• **GIVEN MATERIAL**:
== Segment start ==
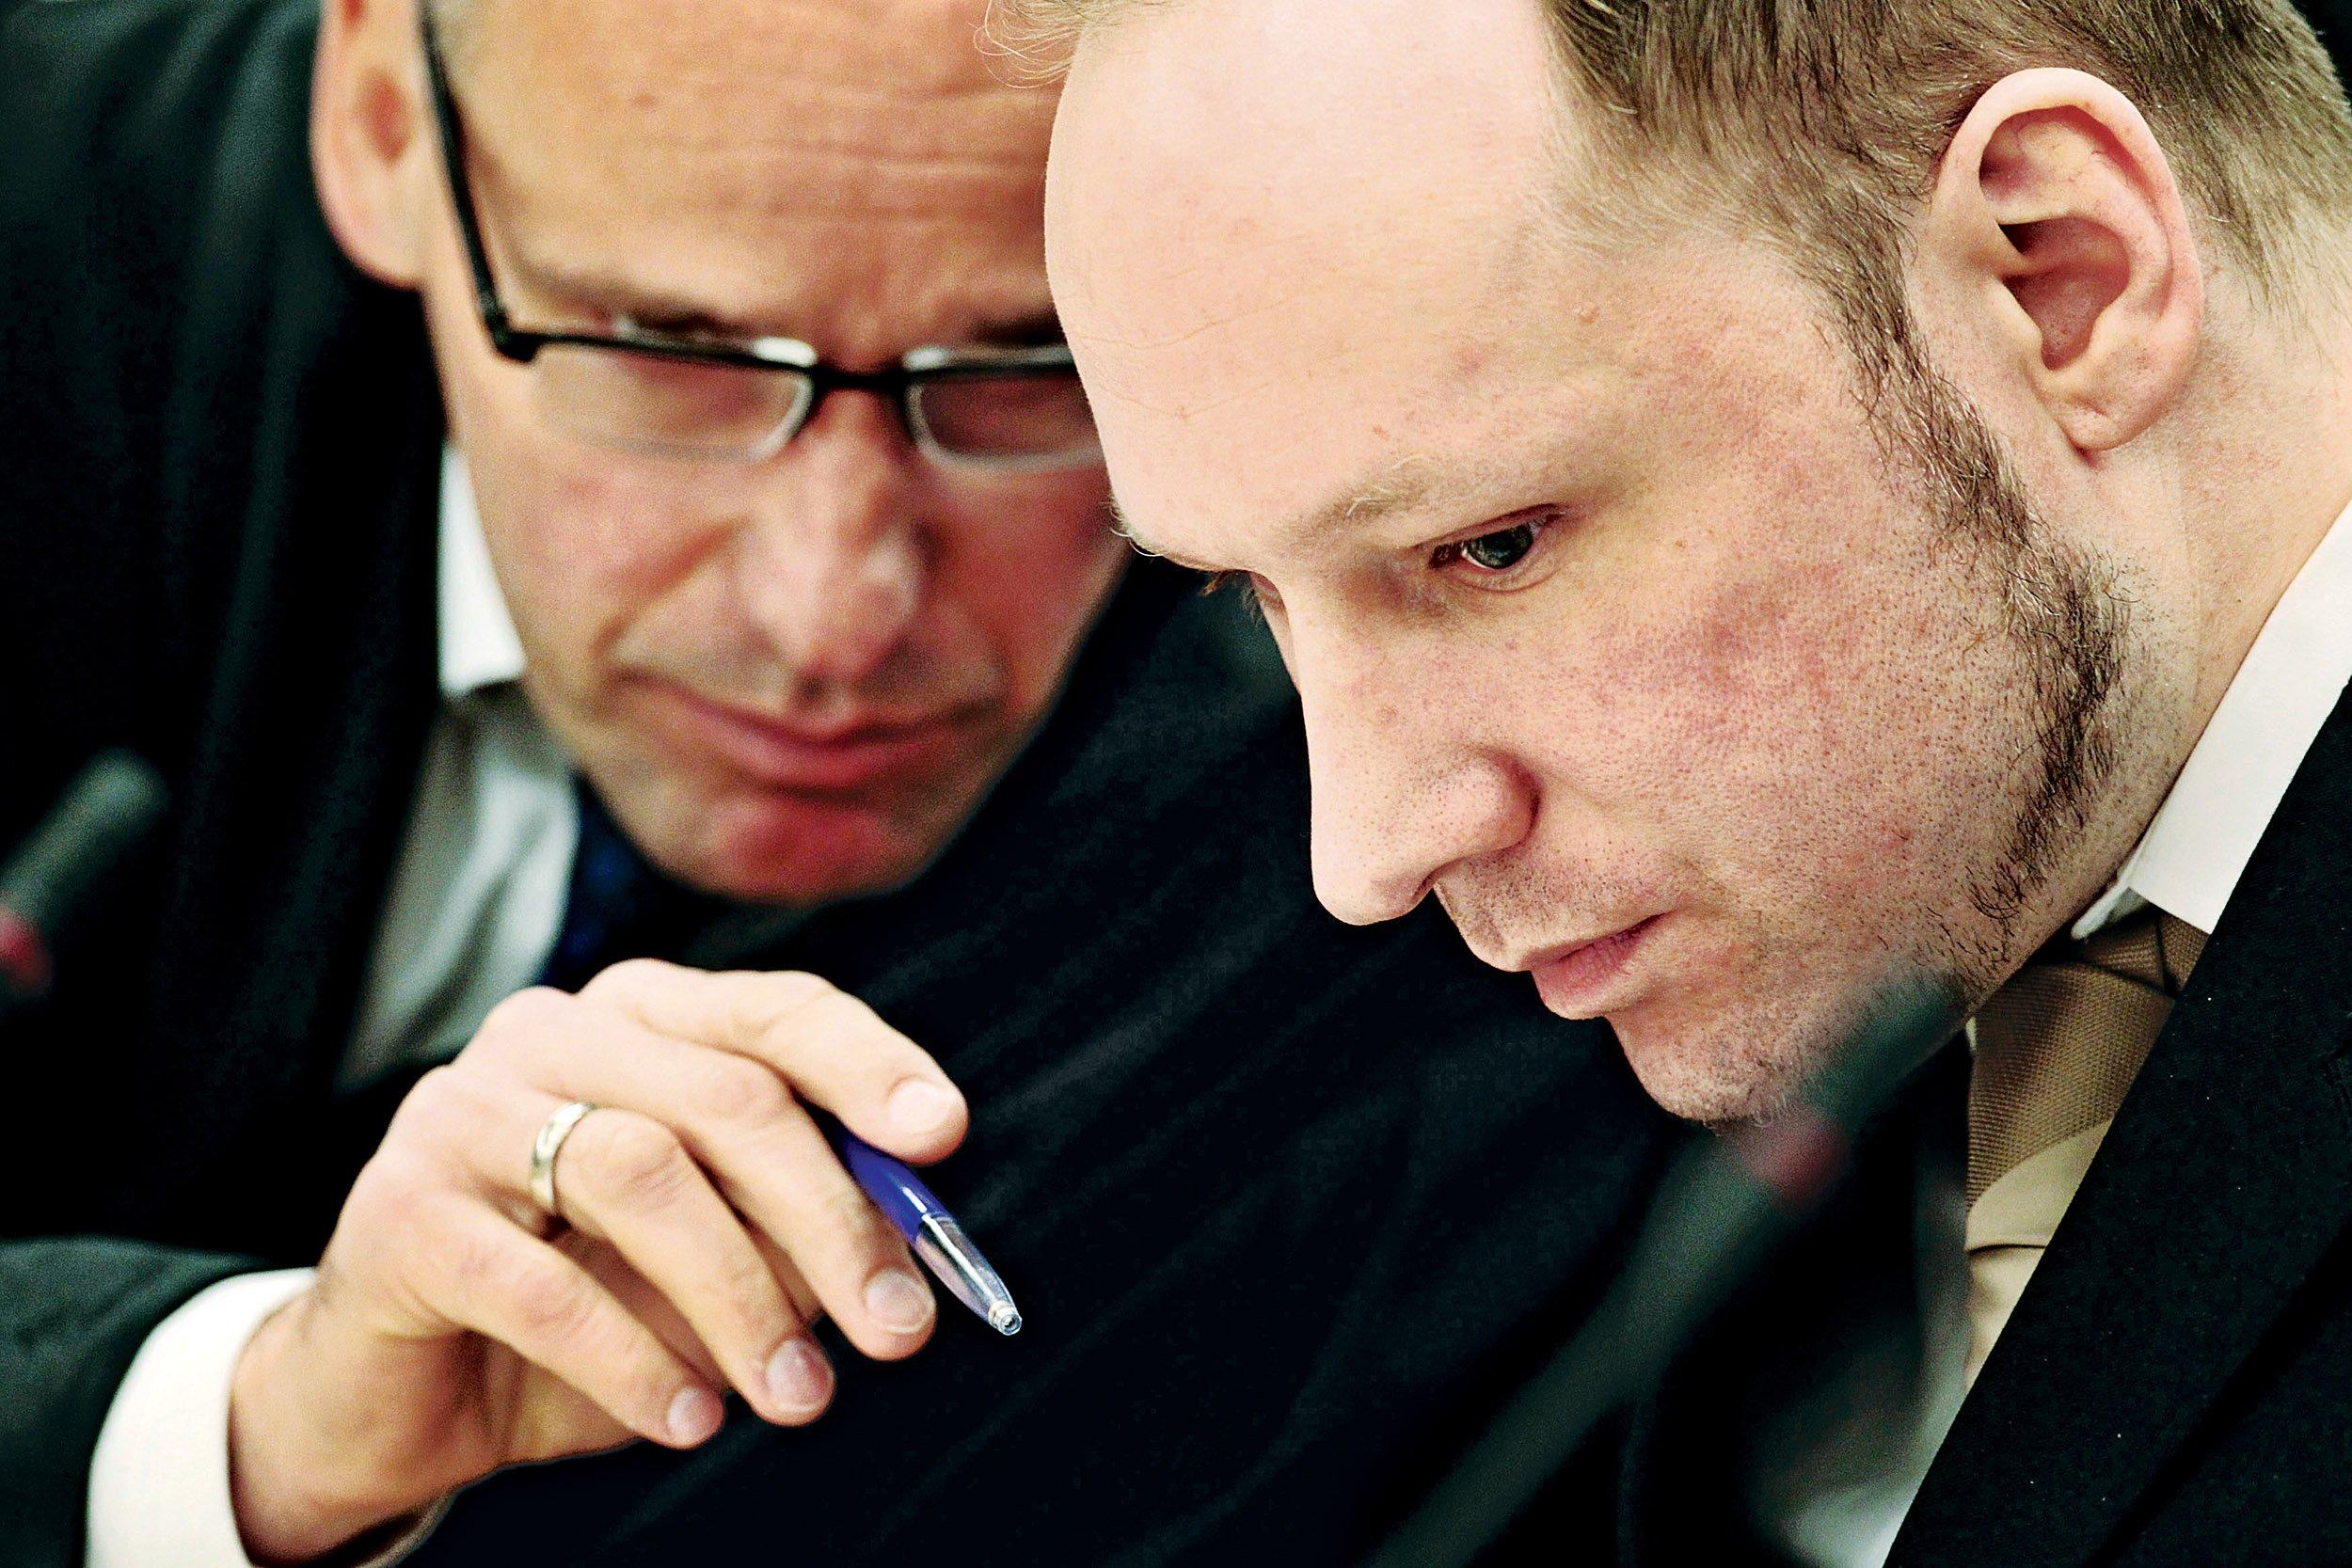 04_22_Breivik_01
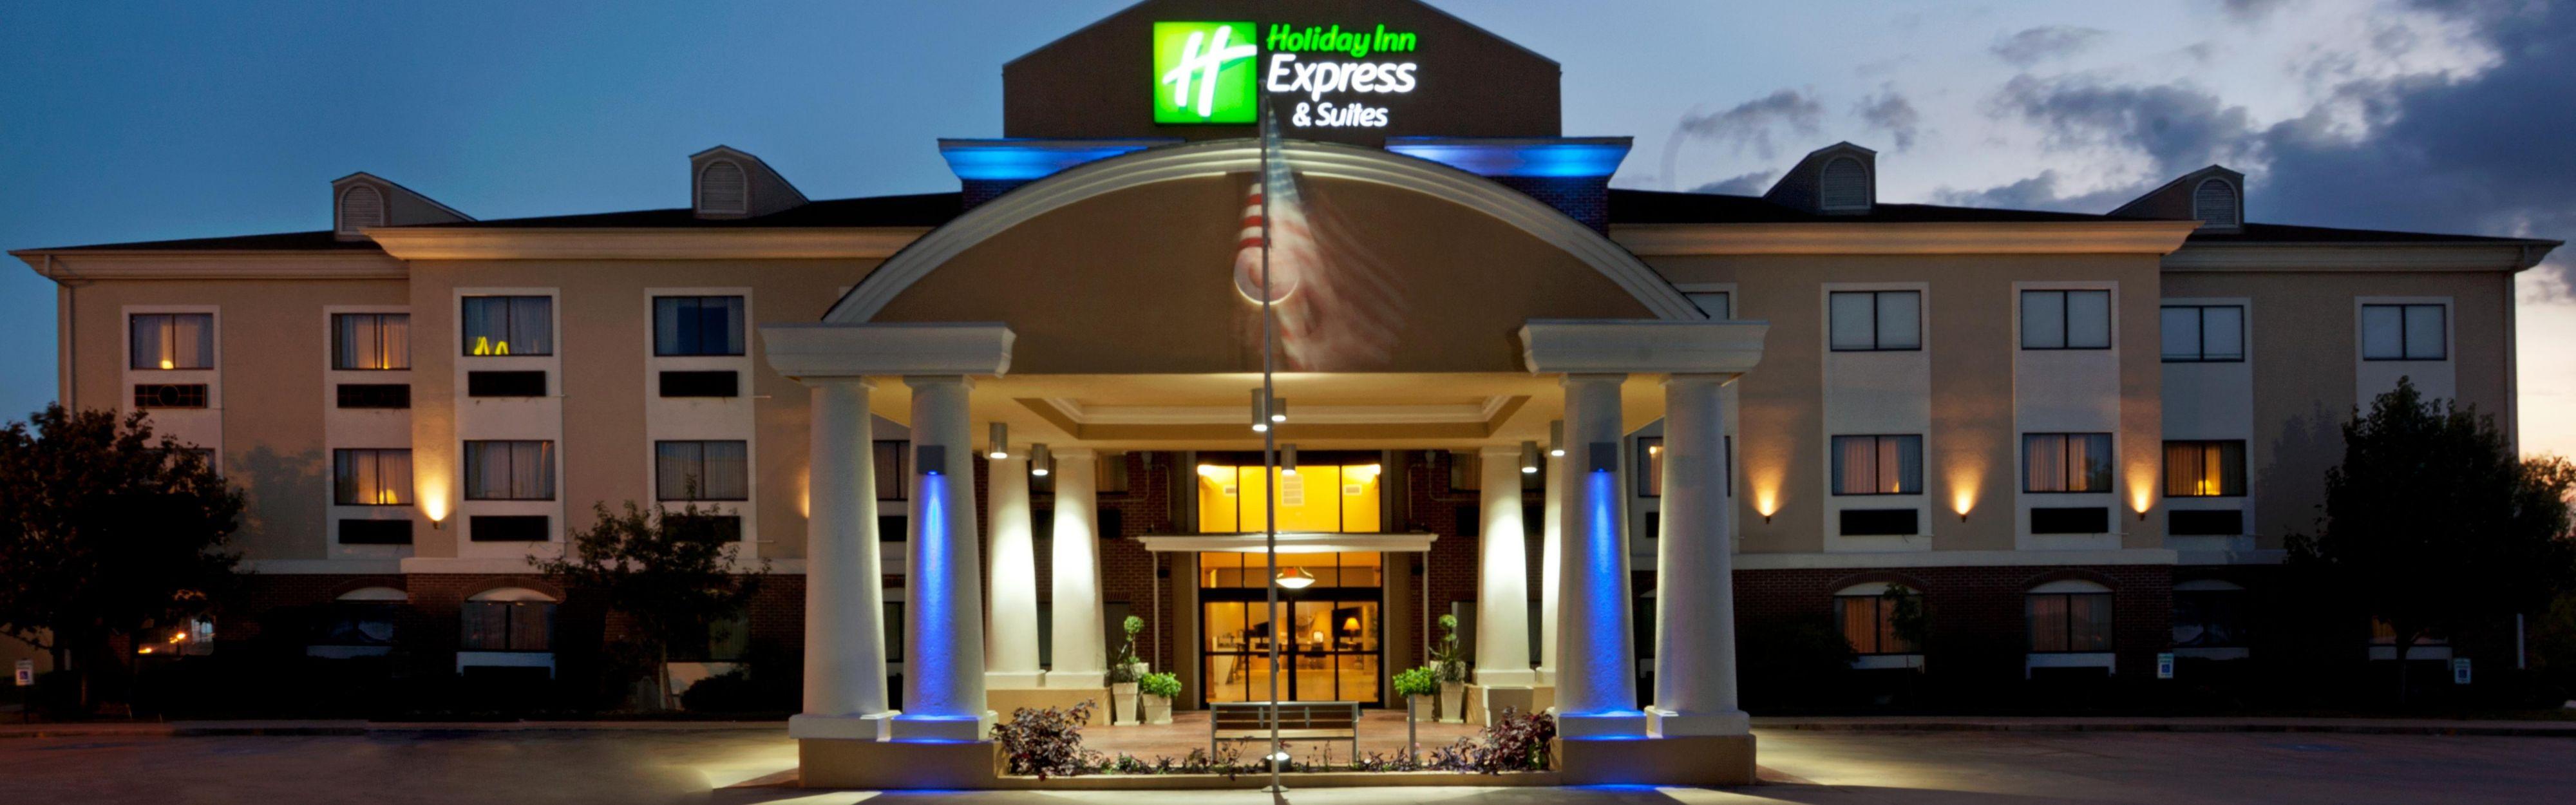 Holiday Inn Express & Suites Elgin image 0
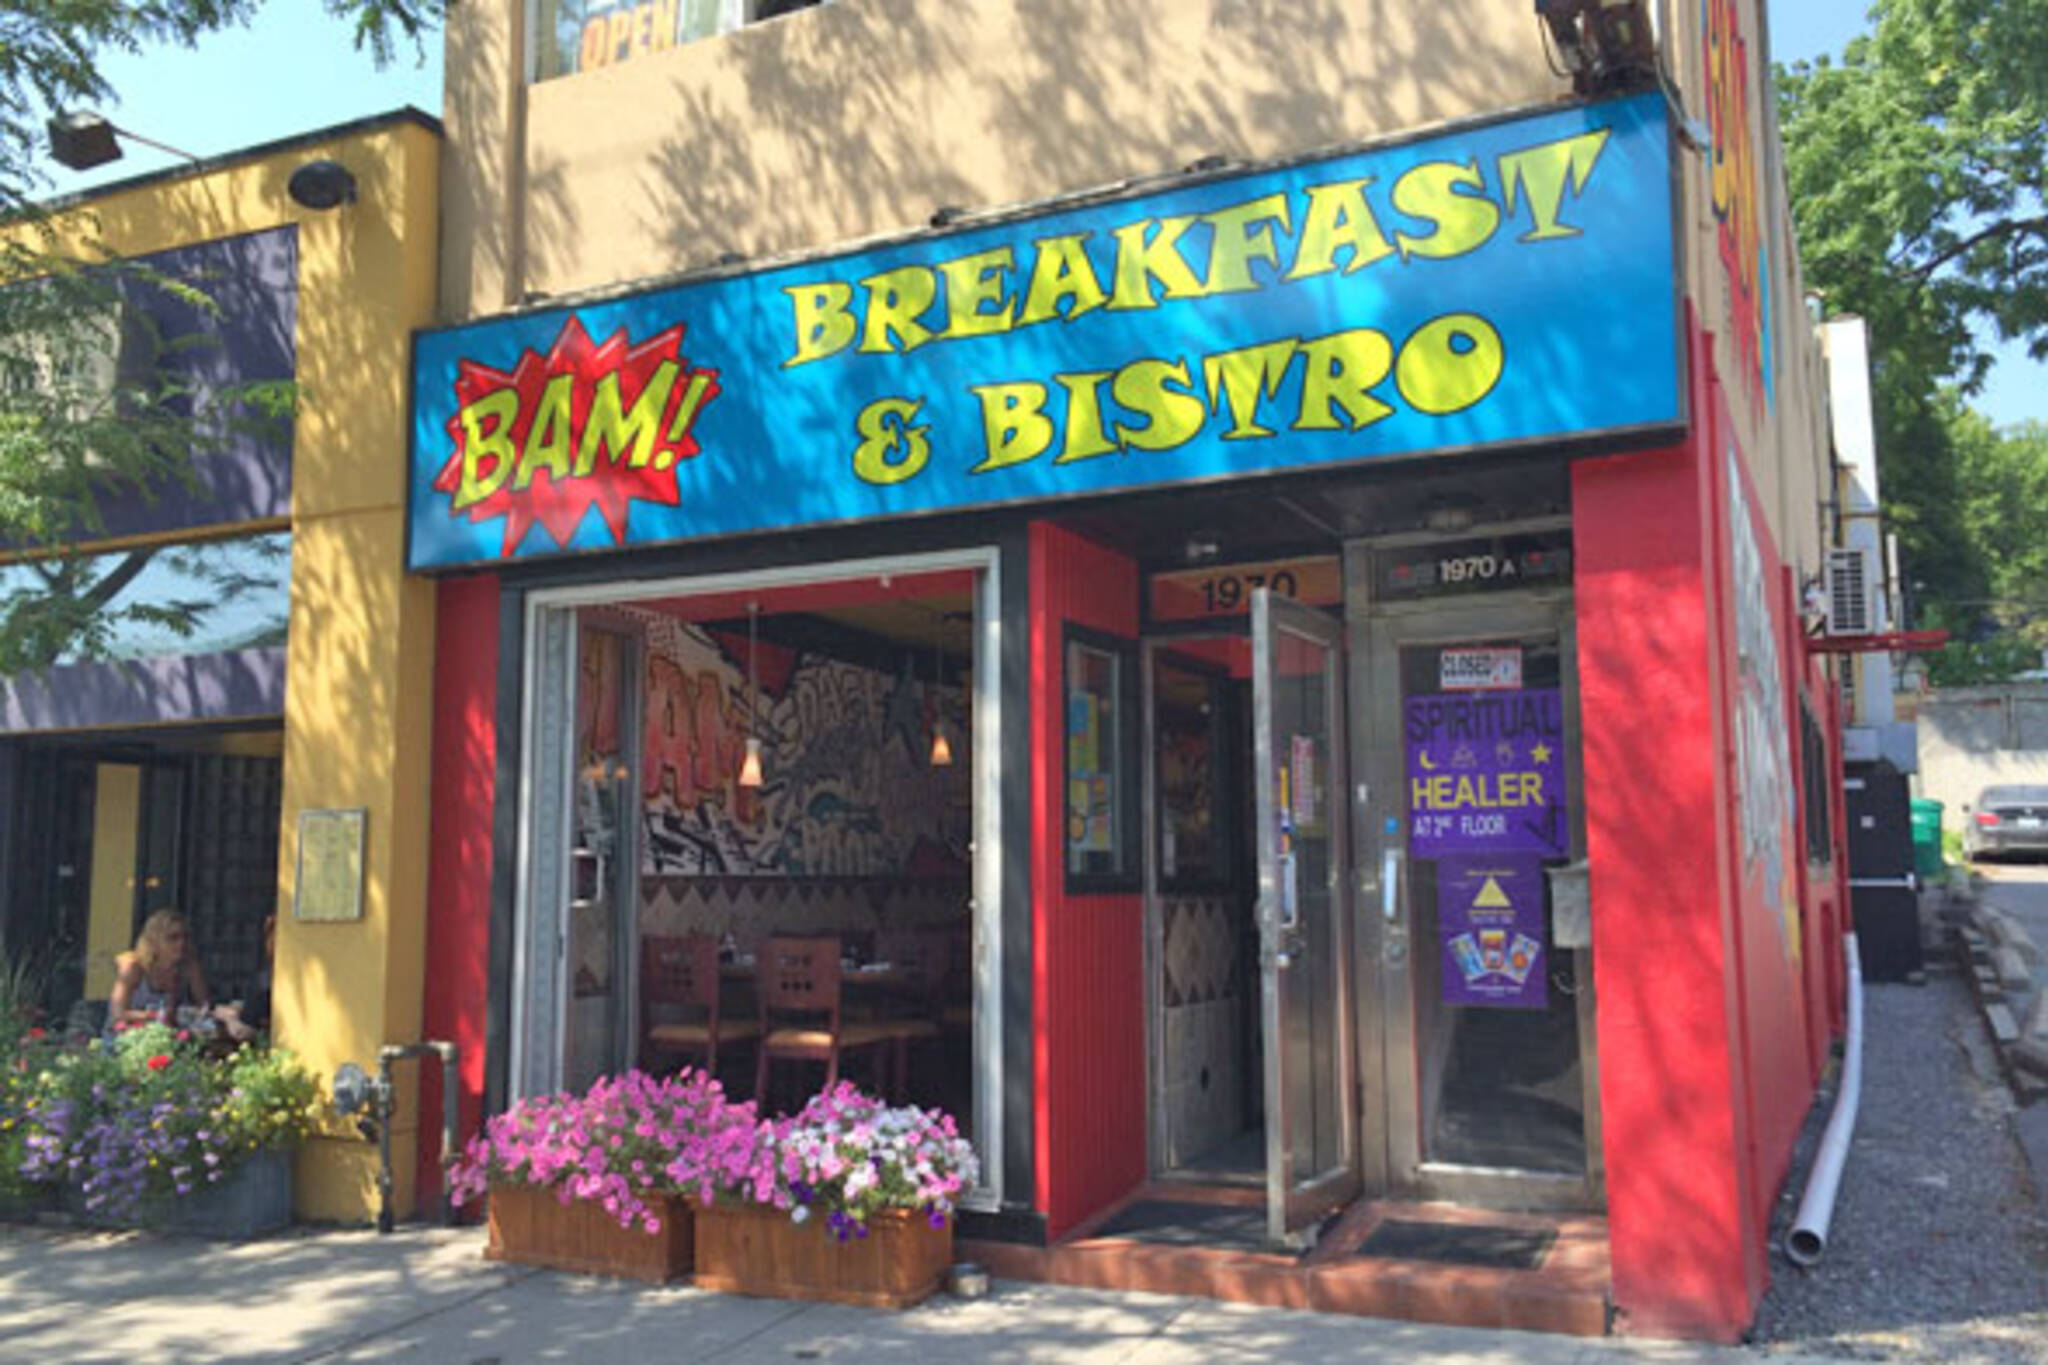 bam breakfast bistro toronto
== Segment end ==
• **EXERCISE GOAL**: Starting at the line with "Holiday Inn Express & Suites Elgin image 0", transcribe the listing above exactly through its last line. No picture belongs in the transcription.

• **WORKED SOLUTION**:
 Holiday Inn Express & Suites Elgin image 0
 bam breakfast bistro toronto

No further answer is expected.